On my computer (32 GB of RAM, NVIDIA RTX 3060 graphics card with 12 GB of VRAM),
the toy program works if the array is less than 12 GB (n_data
\(\approx 3
\times 10^9\) ). But any more, it fails to cudaMalloc()
because it tries to
allocate more memory available on the GPU.
CUDA error 2 - Unable to cudaMalloc
In such a scenario, the programmer should send and process data on the GPU in batches. For this toy program where the data is processed element-wise, it is quite simple to do. But for more coupled or random data accesses, it may be more involved.
Automatic Managed Memory¶
On most modern GPUs, you can use cudaMallocManaged()
instead of
cudaMalloc()
. With cudaMallocManaged()
, the memory allocated is managed by
CUDA and will transfer data back and forth between CPU and GPU for you without
having to use cudaMemcpy()
.
Because cudaMallocManaged()
manages the memory for us, we only need one
pointer
float* x_data;
We allocate n_data
floats and assign that address of the data to x_data
using
error_code = cudaMallocManaged(&x_data, n_data * sizeof(float));
if (error_code != cudaSuccess) {
std::cout << "CUDA error " << error_code
<< " - Unable to cudaMallocManaged" << std::endl;
return 1;
}
We can treat the pointer x_data
like any other pointer, for example, we can
fill the array with random numbers using the CPU
GenerateRandomNumbers(x_data, n_data);
To run the kernel, call it as usual, using the pointer x_data
GoldenRatio<<<n_block, n_thread_per_block>>>(x_data, n_data, n_iter);
error_code = cudaGetLastError();
if (error_code != cudaSuccess) {
std::cout << "CUDA error " << error_code << " - Unable to call CUDA kernel"
<< std::endl;
return 1;
}
After calling the kernel and cudaDeviceSynchronize()
, you can also check the
contents of x_data
without having to use cudaMemcpy()
. In terms of
programming, this is convenient as both CPU functions and GPU kernels can read
and write memory with the same pointer without having to explicitly transfer
data.
You still should free memory, allocated by cudaDeviceSynchronize()
, using
cudaFree()
at the end of the program.
Remarkably, this toy program works even if I set n_data
to be larger than 12
GB (n_data
\(\approx 3 \times 10^9\) ). Behind the scenes, CUDA transfers data
from CPU and GPU for us when the program needs it whilst also avoiding
exhausting memory.
Using managed memory is a way to use CUDA kernels where the data you want to work with is larger than what the GPU can handle without having to batch your data. CUDA will manage the memory for you. In terms of programming, this makes it easier as it abstracts the memory management and transfer for us.

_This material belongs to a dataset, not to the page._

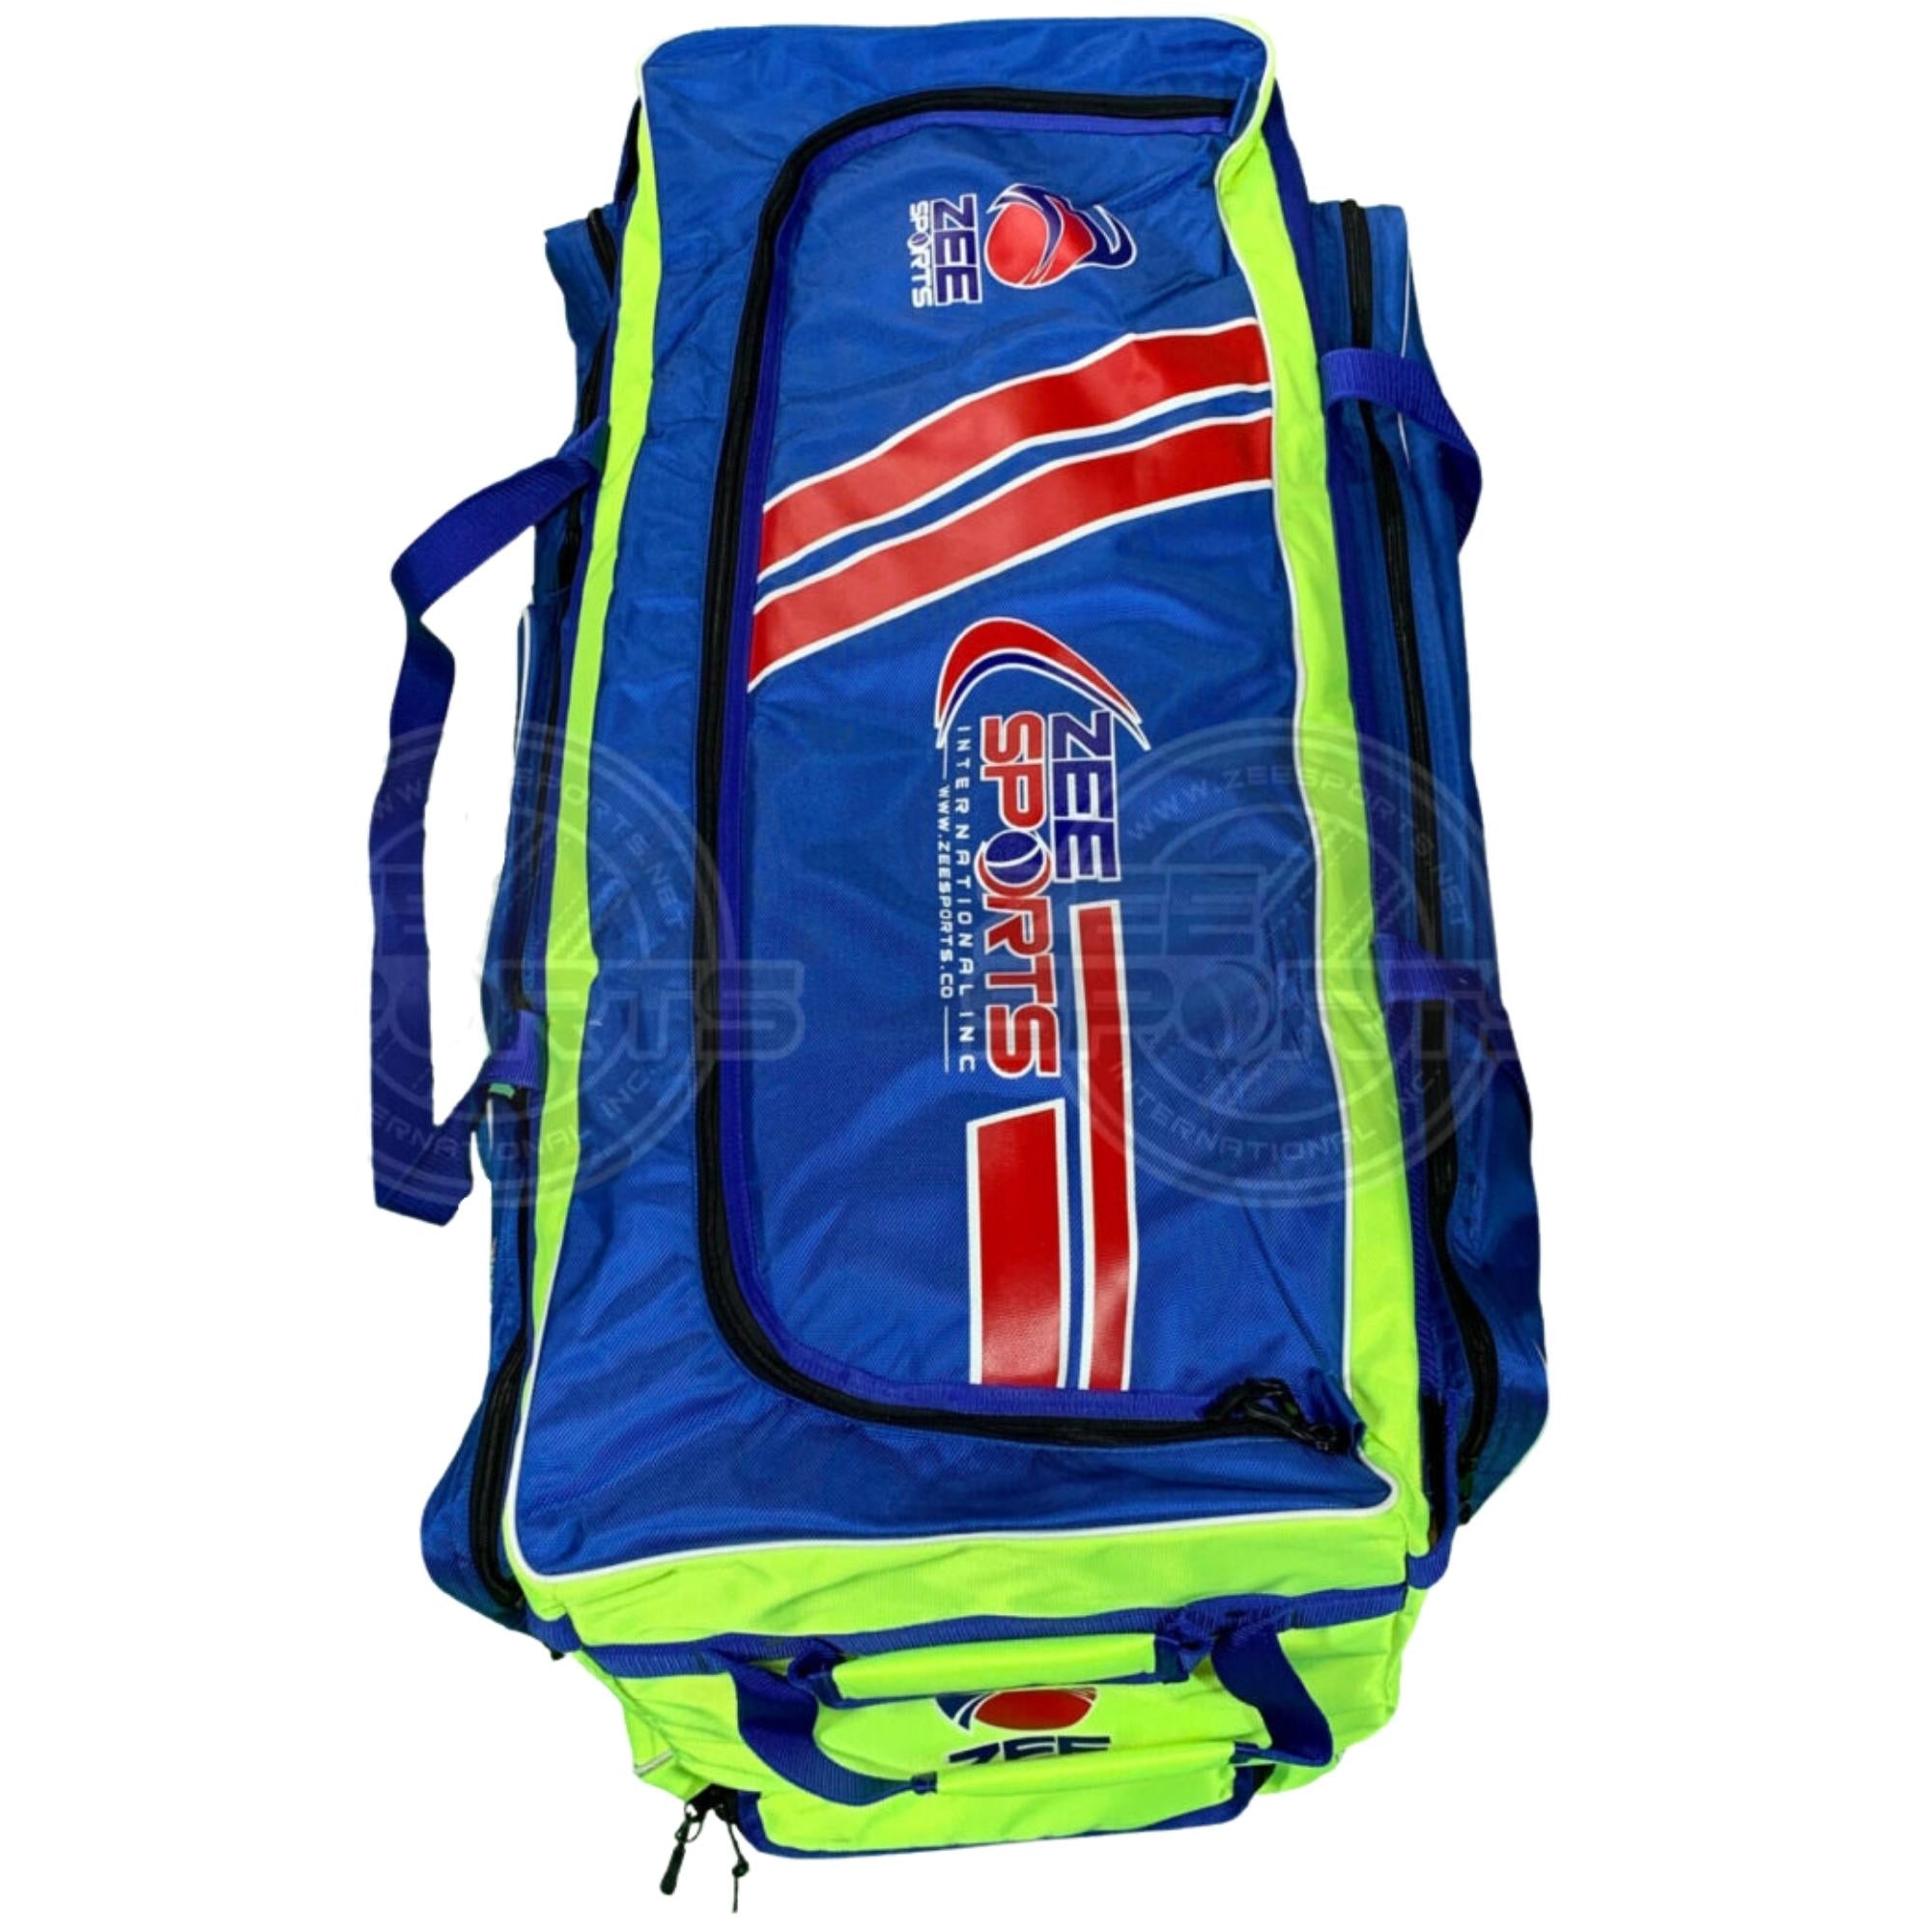 Zee Sports Cricket Kit Bag Lime Green with Blue Color Combination Dual Compartment

Admittedly, this toy program is limited in scope because it doesn't explore situations where memory access can be coupled or random. However, it demonstrates on a surface level where managed memory can be useful and how it works.
Unified Memory¶
The Grace Hopper nodes have a new NVIDIA NVLink C2C which enables very fast data
transfer between CPU and GPU. So fast that CPU and GPU threads could practically
access both CPU and GPU data concurrently. CUDA has a feature called unified
memory which caters for this. You can pass arbitrary pointers of data to the GPU
kernel. CUDA will sort the memory management and transfer for you without having
to use cudaMallocManaged()
. This means you can pass data allocated by external
libraries or software directly to the GPU.

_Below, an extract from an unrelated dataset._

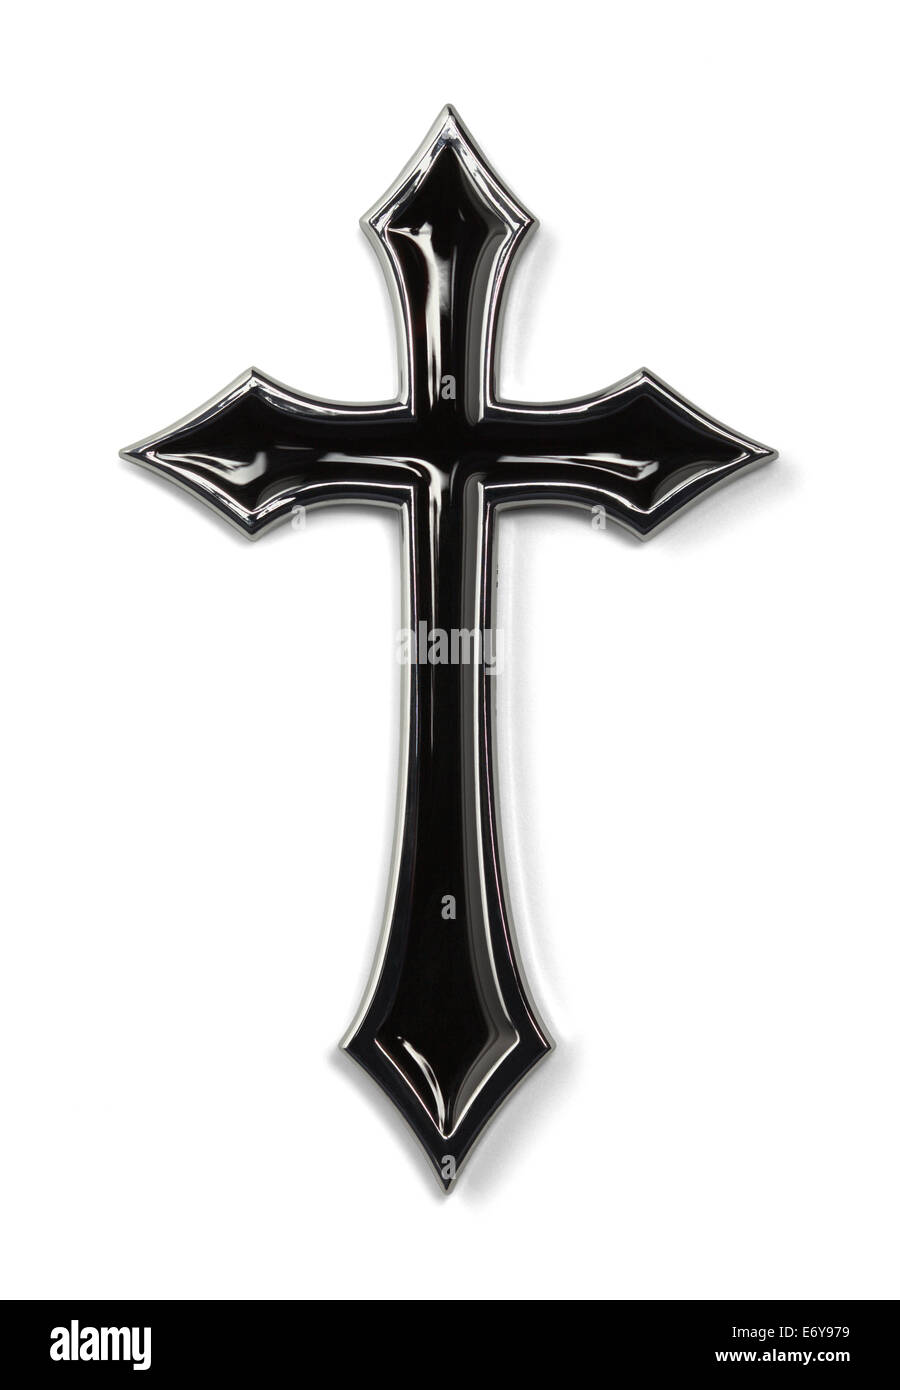 Gothic Black Metal Cross Isolated on White Background. Stock Photo

For example, we can use the standard C++ library std::vector
to allocate an
array, fill it with random numbers using the CPU and pass it directly to the GPU
kernel.
float* x_data;
std::vector<float> x_vector;
x_vector.resize(n_data);
x_data = x_vector.data();
GenerateRandomNumbers(x_data, n_data);
GoldenRatio<<<n_block, n_thread_per_block>>>(x_data, n_data, n_iter);
You will notice the lack of CUDA functions as memory transfer and allocation
have been abstracted away from us. You still have to call
cudaDeviceSynchronize()
to tell the CPU to wait for the GPU to finish its
calculations as well as error handling.
We do not need to use cudaFree()
because the responsibility of freeing memory
is left to the std::vector
library. The memory should be free automatically
when x_vector
goes out of scope.
On the Grace Hopper node and using the naive manual memory management approach,
we can allocate and process an array of up to 100 GB (n_data
\(\approx 2.5
\times 10^{10}\)) before it fails to due running out of memory. However, with
unified memory, we found that it can process an array of 500 GB (n_data
\(\approx 1.2 \times 10^{11}\)) and perhaps more! This demonstrates with unified
memory, both CPU and GPU and read and write the same piece of data. As a result,
the programmer can also pass arbitrary data to the GPU with ease, without having
to think too much about memory management.
Summary¶
With new technology, software engineers will need to keep learning in order to use them. Unified memory allows programmers to focus on writing GPU code without having to worry too much about memory management. With the Grace Hopper nodes having hundreds of GB of memory, it can potentially make writing high-performance GPU easier and run them faster.
This blog post only covers the surface as we have not done any benchmarks or looked at distributed programming with Grace Hopper nodes. There is still plenty to explore with the new Grace Hopper nodes.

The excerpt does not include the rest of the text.